We can't necessarily even afford to risk applying Keynesian economic policies when looking at such enormous debt. It's tempting to get excited when politicians talk about stimulating the economy, but it's very risky and we should be very cautious when the national debt is rising out of control.

Conclusion

I hope this will lead some Americans to investigate this issue further. It's important to understand because the United States is at a point now where politicians have to do unpopular things and have to make big cuts if the nation is going to avoid a total economic meltdown.

Those who are proposing big cuts are not doing this to screw ordinary citizens over. They're unfortunately damned either way. If they make the unpopular cuts, they are going to help save the nation's future but will be considered by many as horrible people. If they don't make the unpopular cuts, they are damning the entire nation to keep the masses happy.

There's an entire nation at stake here and it worries me because a lot of people seem to want the government to provide more and more services, which generally means more and more government spending. That's a suicidal path when the nation is already this deep in debt.

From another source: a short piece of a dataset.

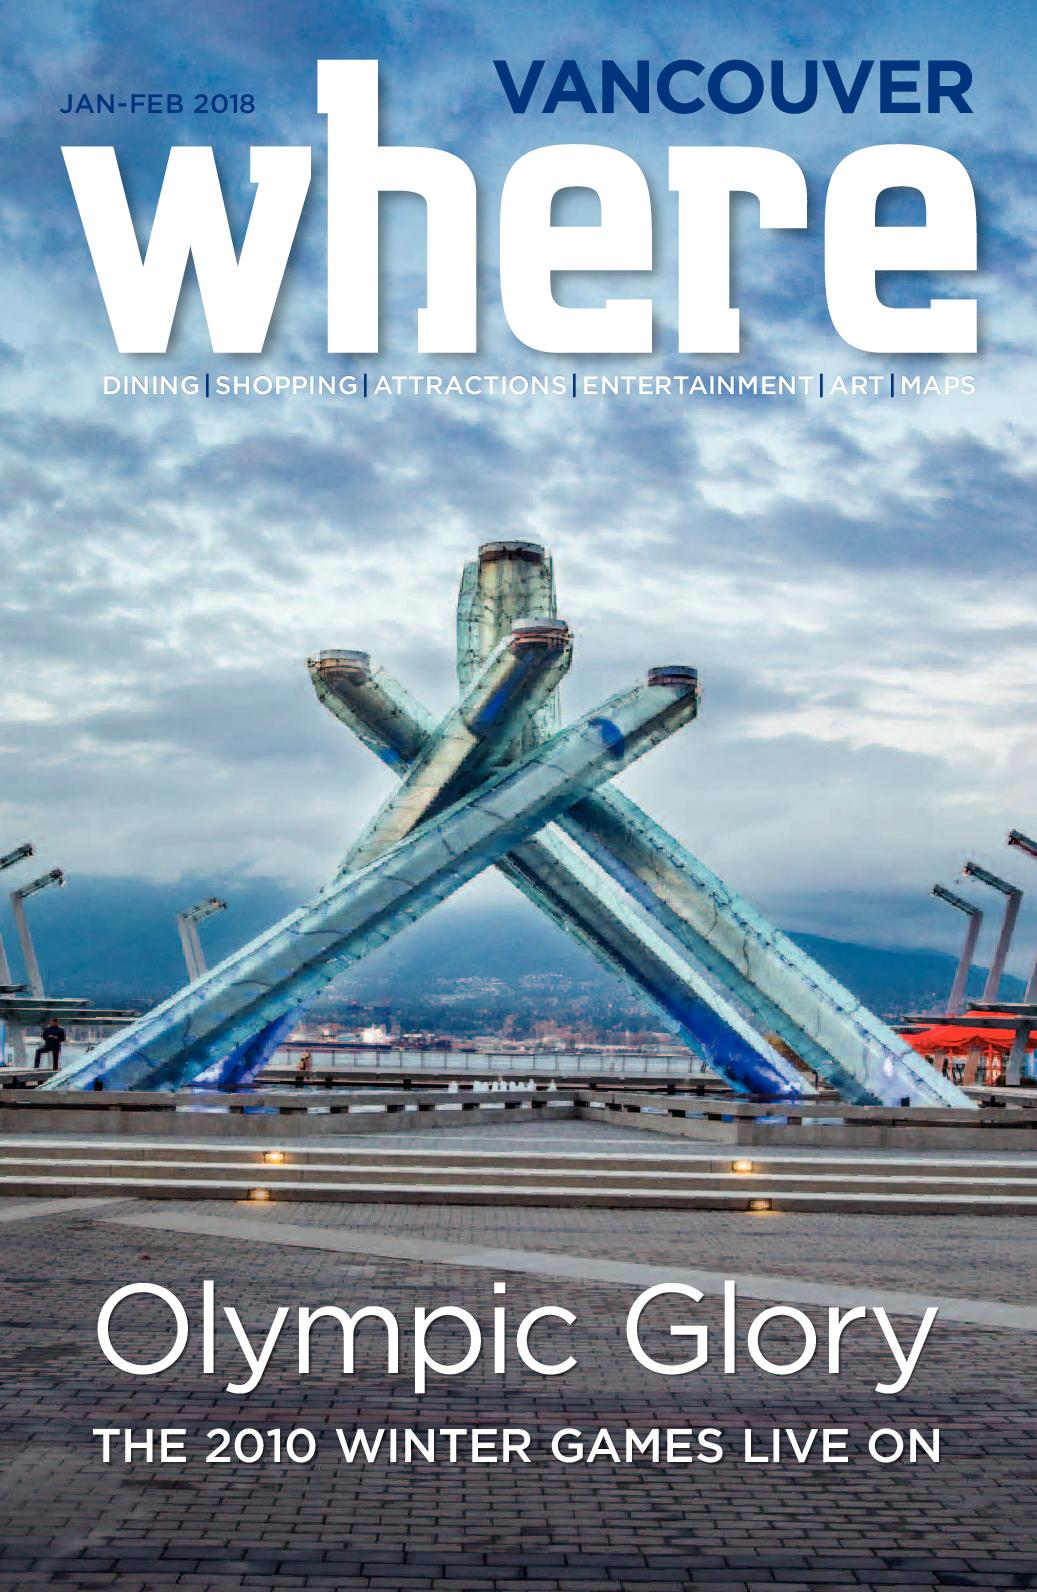 b9e7d1c24c9 Calaméo - Where Vancouver January/February 2018
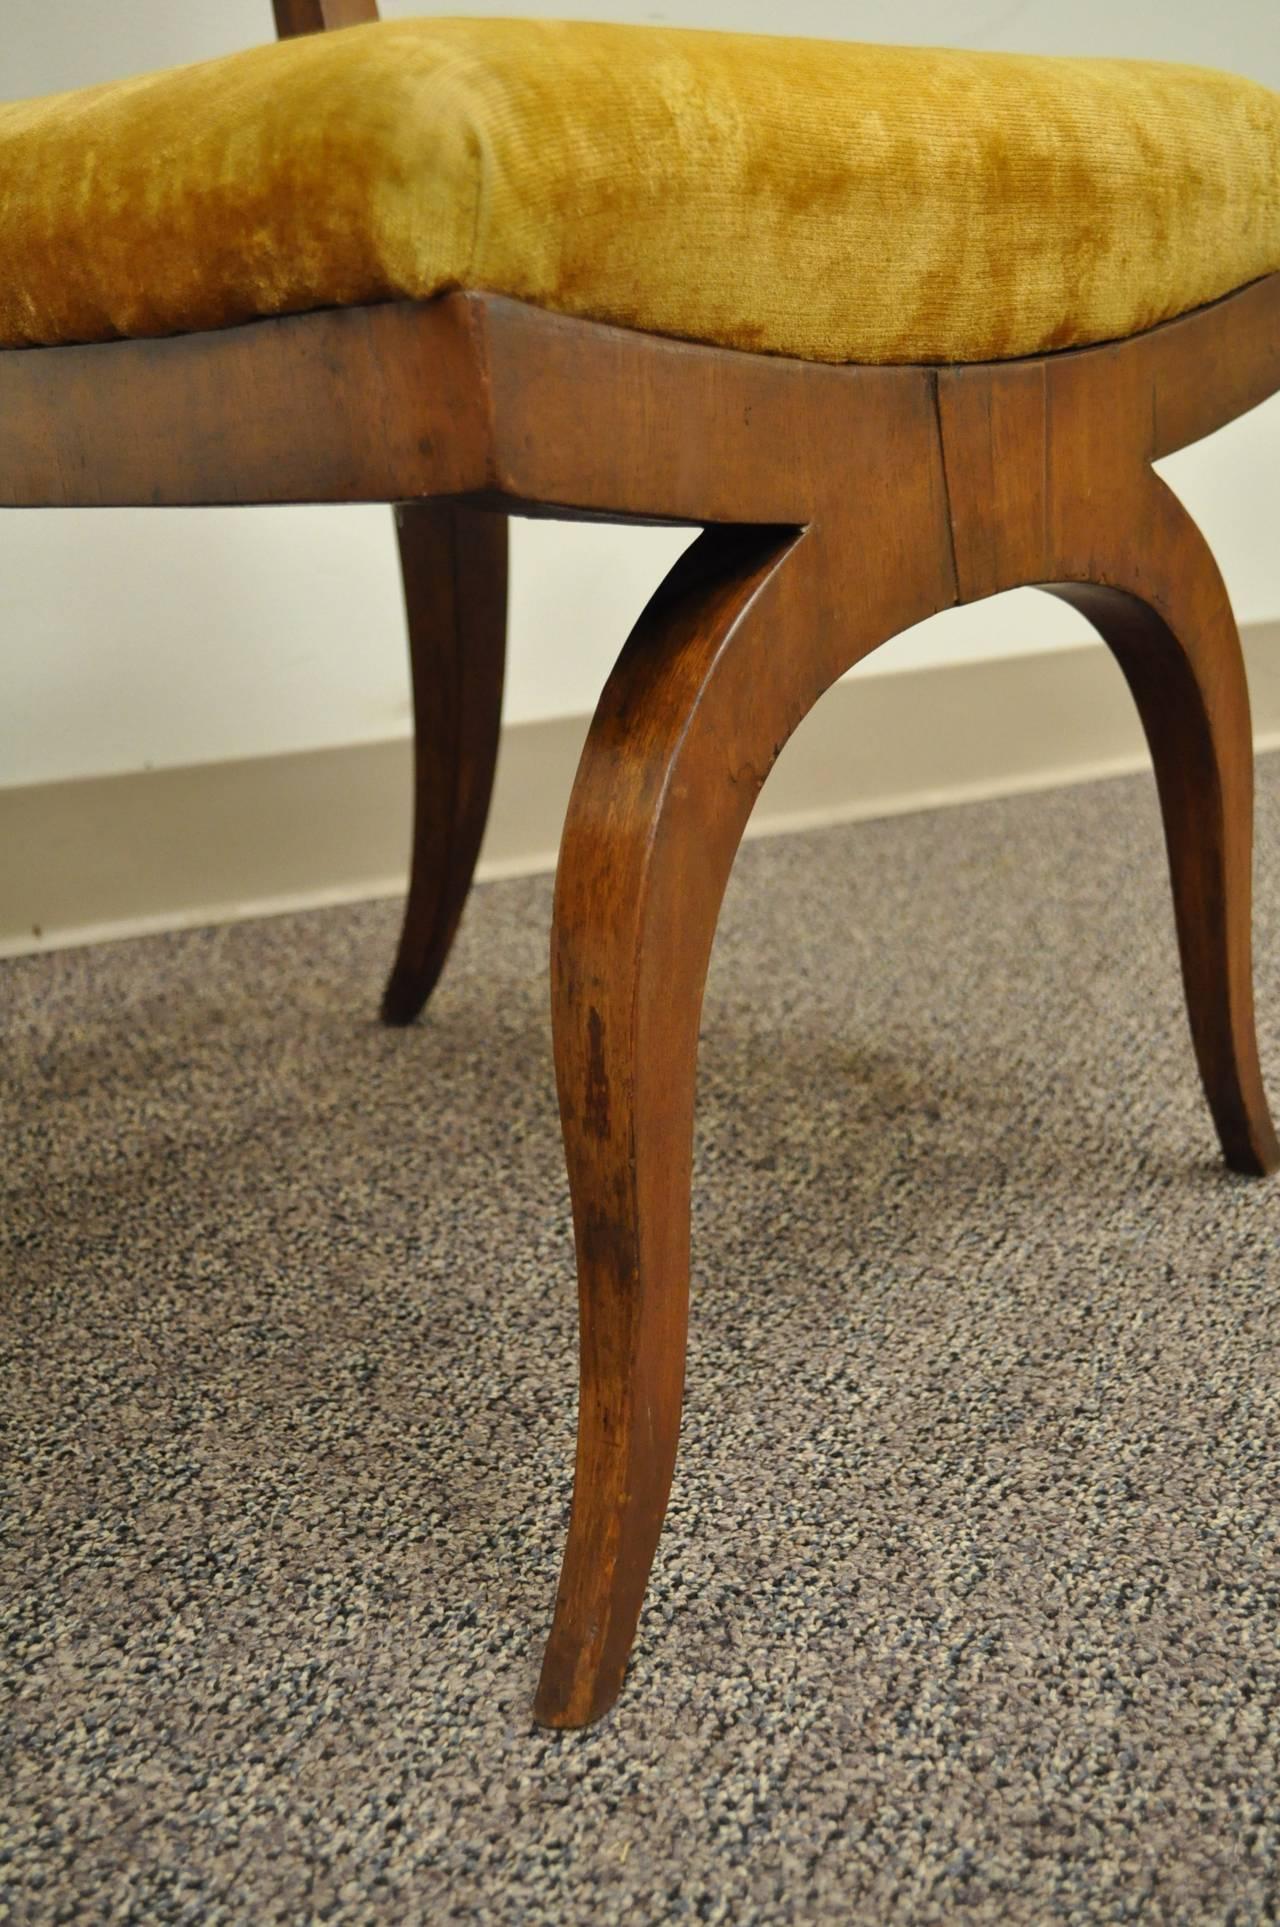 19th Century Pair of 19th C Biedermeier Ebonized & Burl Walnut Curule Base Side Accent Chairs For Sale

Here is a national debt clock that's worth looking at from time to time:
https://www.usdebtclock.org/

Finally, this problem isn't unique to the United States. We're facing a similar crisis here in Japan. If Japan can't start generating surpluses and avoid deficit spending in the near future, we're screwed.

Japan is worse off than the US to the point where some economists have already concluded that it has reached a practical state of insolvency. The US isn't quite there yet, but with a trend towards exponential growth in national debt, the nation could find itself in the exact same state very soon.

For further understanding of this issue, it's worth looking into the Federal Reserve which controls the money supply and is the largest holder of the US national debt.